Some legal experts argue that the existence of encryption does not suggest a reasonable expectation of privacy; therefore, if the government cracks encrypted data, it is not a violation of the Fourth Amendment. However, if you use a passcode to lock the device, thereby keeping the encrypted contents hidden from plain view, this does retain a reasonable expectation of privacy. The FBI is asking Apple to bypass the deceased user’s passcode that locks the device so that they can have access to the encrypted contents of the iPhone. Technically, this would be a violation of the Fourth Amendment.
Other experts suggest that this would not be a violation of the Fourth Amendment because Mr. Farook’s phone is actually property of San Bernardino County, where he worked. In many cases, when an employee receives a company phone, the employer administers the phone using mobile device management (MDM).
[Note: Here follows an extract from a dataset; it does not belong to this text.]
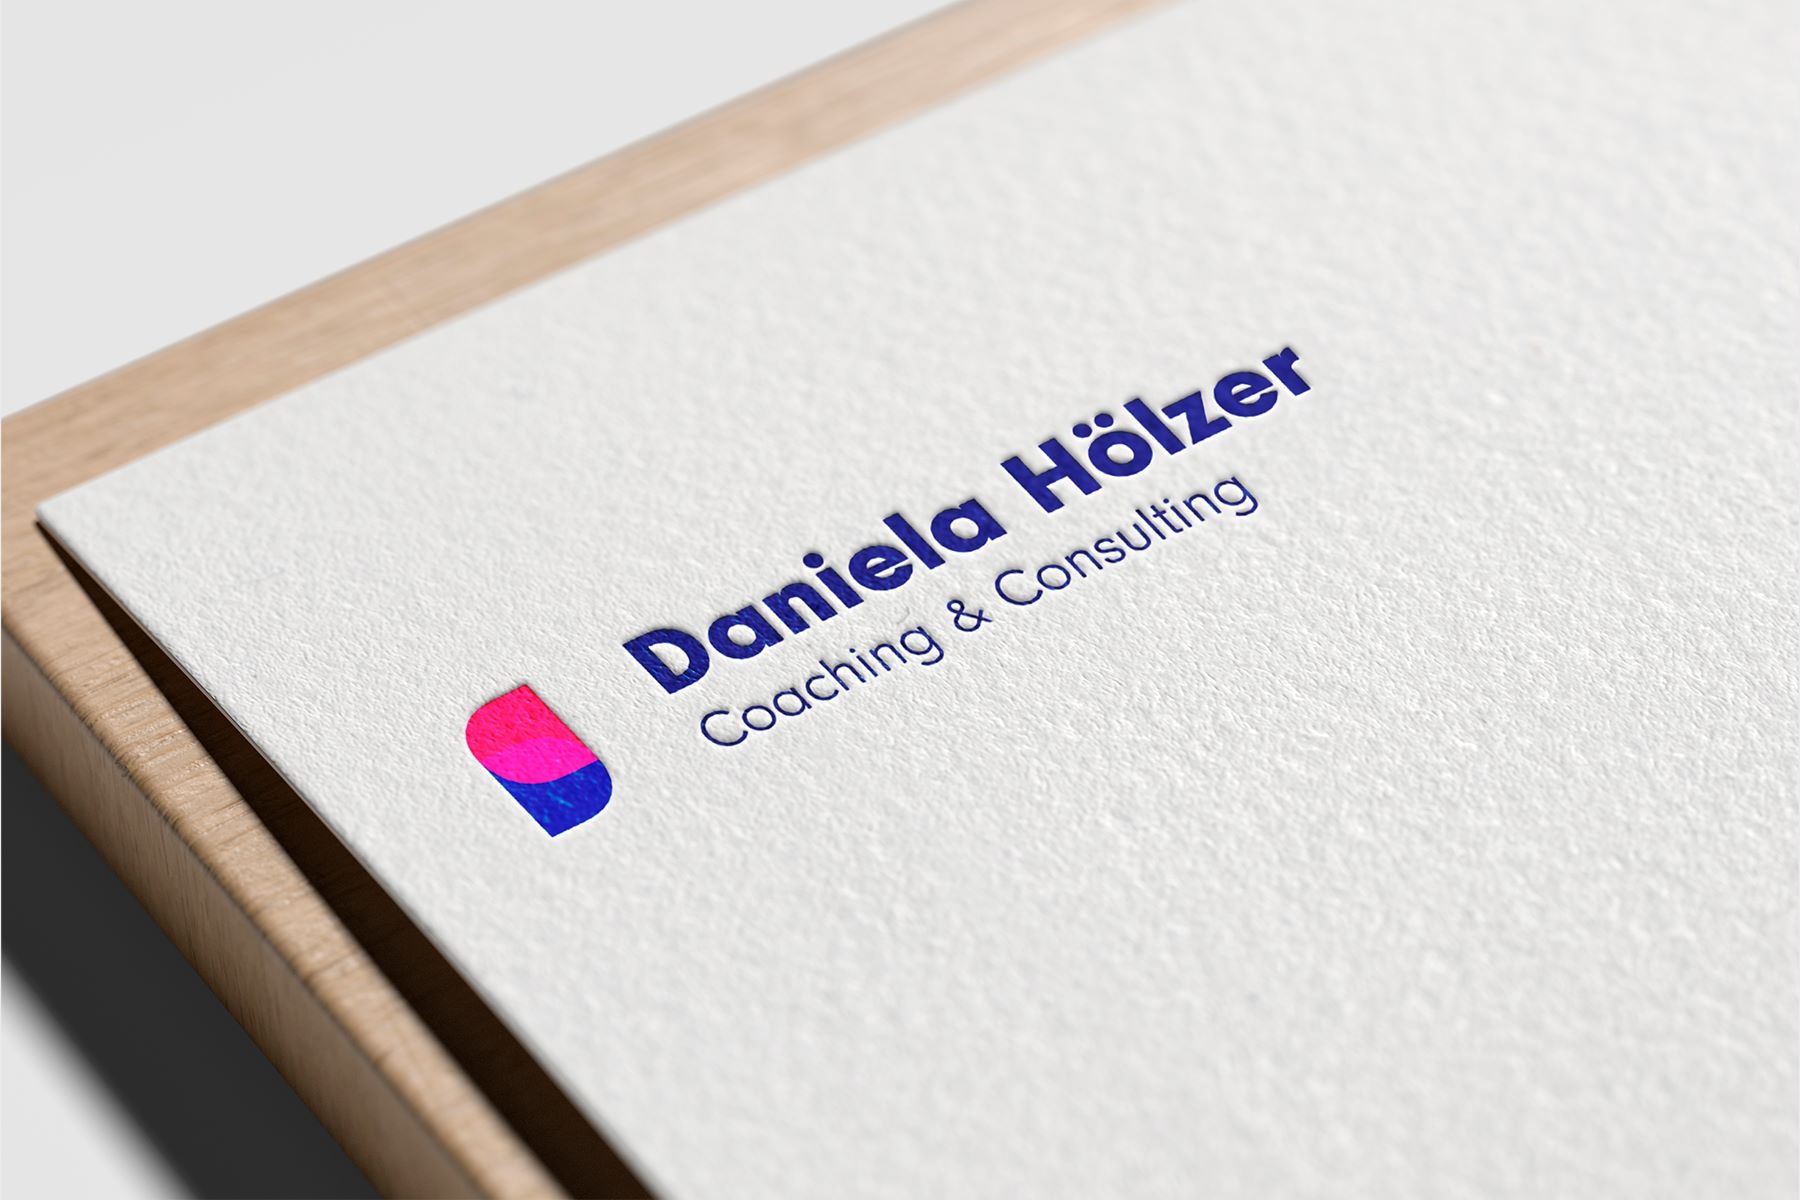 Daniela Hölzer Coaching & Consulting

MDM enables the employer to secure and monitor mobile devices in the possession of the employee. It seems that San Bernardino County did not use MDM. But it is interesting that MDM has not been mentioned in the conversation at all. Perhaps, instead of attacking encryption, the government should be encouraging employers to use MDM on mobile devices, which would make their investigations easier. We aren’t having that conversation because cracking encryption would provide the fed with an overall wider swath of data.
The San Bernardino massacre was horrible and the FBI should have access to information that will help them crack the case; however, we have to decide how far is too far. It is unknown whether or not Apple will be forced to comply with the court’s ruling, but one thing is certain, we are standing at the precipice of the end of technological privacy. Without encryption, there will be no way to, technologically, protect your privacy.